Find the line with "Silbernes Tabakglas, 833/000, umrissenes" in the entries below. Repeat it, every following line, and the line with "noclouds_chillout [NOC146] Xm", exactly and with nothing added.

> _Information_
%%

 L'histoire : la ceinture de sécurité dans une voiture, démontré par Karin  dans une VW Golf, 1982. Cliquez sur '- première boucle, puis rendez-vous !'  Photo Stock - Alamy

%%
%%

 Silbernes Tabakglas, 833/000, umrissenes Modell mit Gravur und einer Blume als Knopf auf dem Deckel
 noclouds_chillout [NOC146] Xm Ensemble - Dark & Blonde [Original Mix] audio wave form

%%
%%

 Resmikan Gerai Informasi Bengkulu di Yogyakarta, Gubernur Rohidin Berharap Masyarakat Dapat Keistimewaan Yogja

%%

> _Answer space_
 Silbernes Tabakglas, 833/000, umrissenes Modell mit Gravur und einer Blume als Knopf auf dem Deckel
 noclouds_chillout [NOC146] Xm Ensemble - Dark & Blonde [Original Mix] audio wave form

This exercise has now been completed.